Driver clearly feels passionately about highlighting the experiences of the women we don’t always get to see on screen. But, she is also very capable of making light of the show’s reception on social media. “I’m really excited for it to be out. I know people are already cross that I’m not, like, 97 and giving birth, as was said in the Bible. I already had a couple of people on Instagram, which really made me laugh, saying, ‘You’re not 97, why are you playing Sarah?’ and I was like ‘who are you gonna get? Who is gonna ride horses across the Levant?’” 

Minnie Driver is no stranger to speaking about her own spirituality and how it influences her personal life alongside her career. For Driver, her spirituality is less tied to theology and is more of an innate curiosity and a connection to nature. “I’m hoping that the show will ultimately be super relatable because this is a woman whose husband finds faith, whose husband has a whole set of beliefs that she really doesn’t. She’s watching God go through her husband, who she loves with all of her heart. And she follows him and she goes with him.” She continues, “well, she’d actually die if she was left behind because if the caravan leaves, there is no protection, there’s no food, there’s nothing. So she goes because she loves him. And she went and tried. She had a surrogate baby with Hagar. She didn’t wait for God to do it. She took it into her own hands. And for me, that’s very human. She wanted a baby.” In many surprising ways, Sarah’s story echoes her own. Driver has been open about how similarly, having a child later in life (after being told by doctors she would never be able to) shaped her. “Motherhood and being in nature are the closest that I feel to God. And also being with friends and my parents as they died, feeling very, very much like there was a veil that was being lifted. But again, I’m not a sort of theocratically minded person. I just observe stuff really.”
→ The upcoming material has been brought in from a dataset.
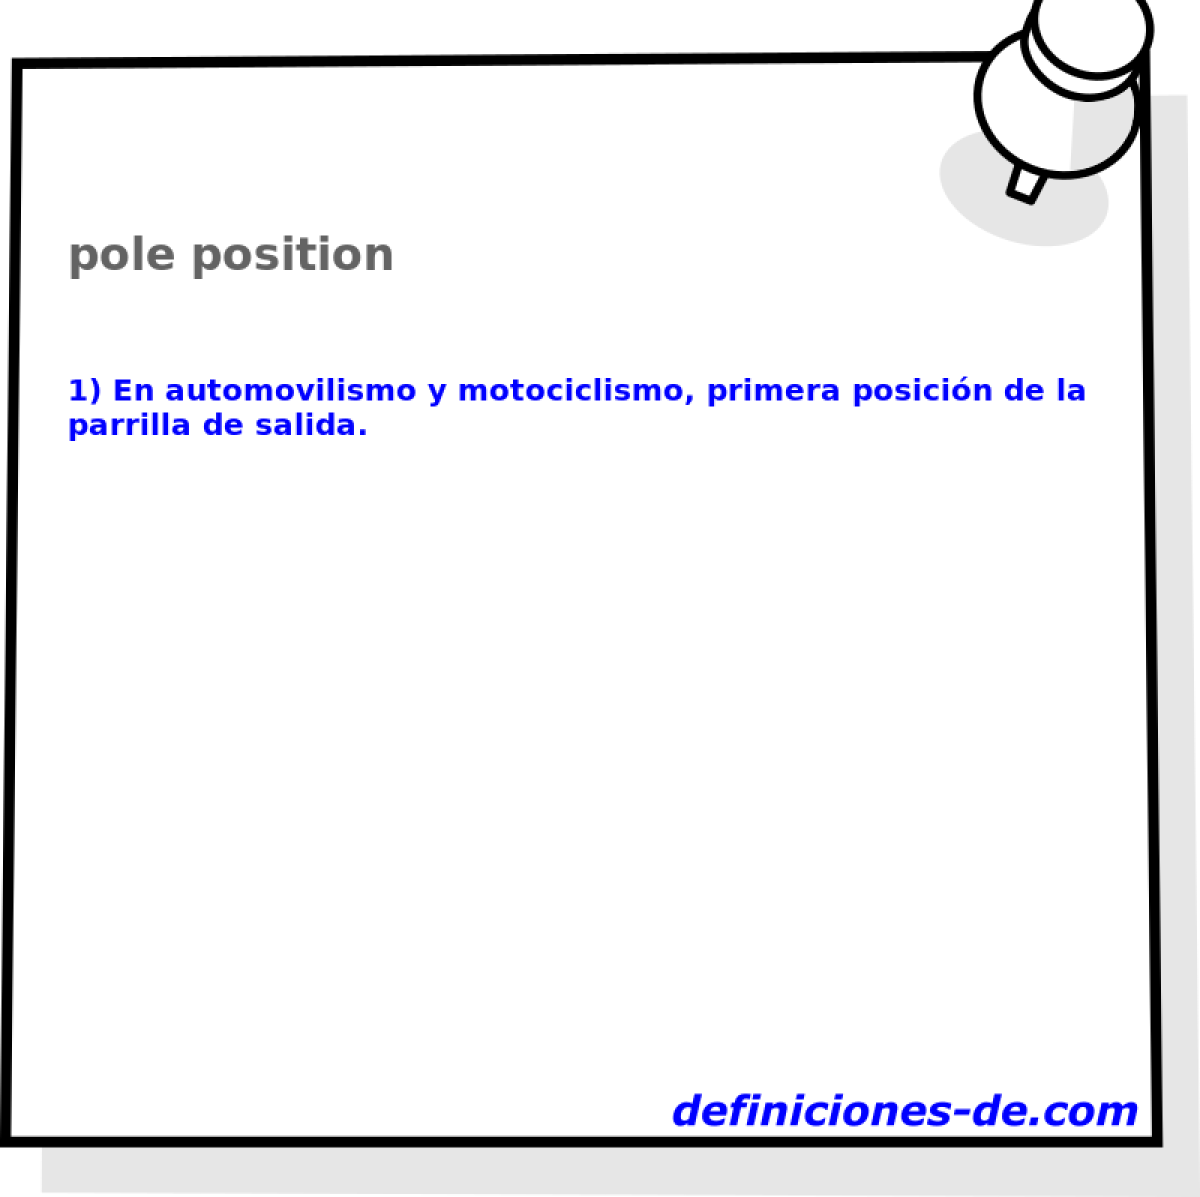 pole position 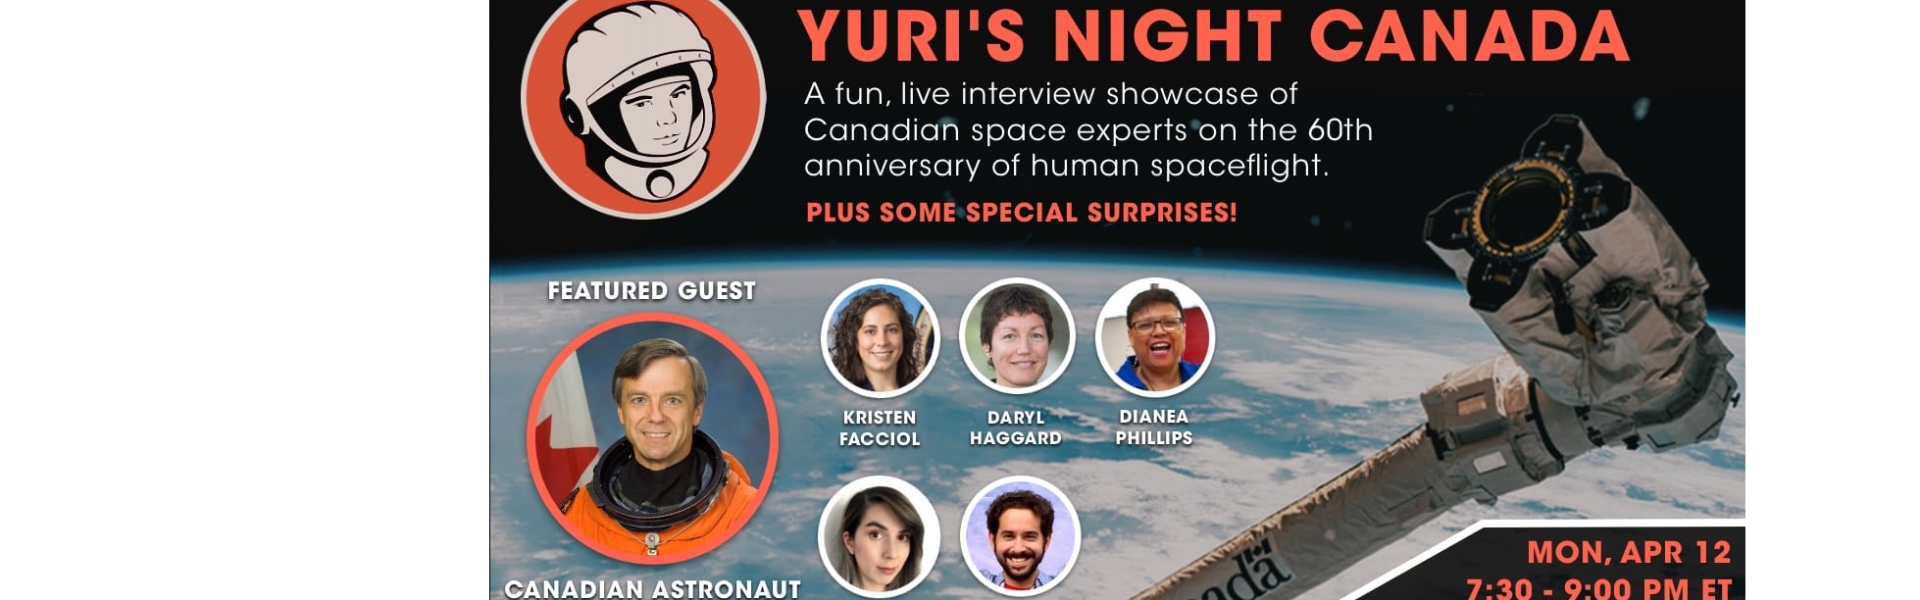 Yuri's Night Canada

That instinct to observe is obvious in her podcast, Minnie Questions with Minnie Driver, where curiosity becomes the guiding principle. “Honestly, the podcast really was just because I’m a nosy cow. I just want to ask people questions. All the questions, because I have so many questions and I love hearing everybody’s different answers. I am constantly challenging what I believe.” In reflecting on what she’s learned from being on the other side of the microphone, Driver states “it’s been so much food for thought, for my soul and my spirit, in having people share their answers. I’ve always called myself a magpie around information and other people’s opinions. And I love to just gather bits and then synthesize it. Usually, when I’m walking or surfing or meditating, taking all these bits and pieces and then actually figuring out what I think about things. But yeah, those conversations, they often change how I see the world, which was the whole point.”

Driver is a deeply curious person, clearly most concerned with learning and the expansion of her own self. In speaking with me, she is never so concrete in her judgments. Considerate and philosophical, yes, but never pontifical. “I’m not one for dogma, I must say. If you asked me on a Tuesday what I feel about God, it might be very different on a Thursday.” On her process for Minnie Questions, she speaks on how even the most closed-off people often open up with a bit of patience. “In fact, it was most interesting when people would be very shut down or very media trained and their answers had already been prescribed. Even with all of that, the fundamental humanity just can’t help but bubble up. If you just keep listening and you keep gently asking, but mostly if you keep listening, people really do want to tell you stuff beyond. I found that all of the stuff that sounded very rehearsed, something would then give way and out would come this, you know, like a dandelion in between the cracks of a pavement. Yeah. And it was really cool. I really, really liked that.”

We acknowledge how interviewing can often feel like a dance; knowing when to push and pull, or when to allow some grace. “And it’s often in follow up questions, I think, that people open up. If you pick up on something someone said, as opposed to going on to the next question. Invariably every question that you answer, within that answer, there is going to be another question that I can seize upon to inquire further. And I think if you’re polite and gentle with people, or funny and irreverent, you often make people feel like they’re not being trapped and then their humanity is revealed.”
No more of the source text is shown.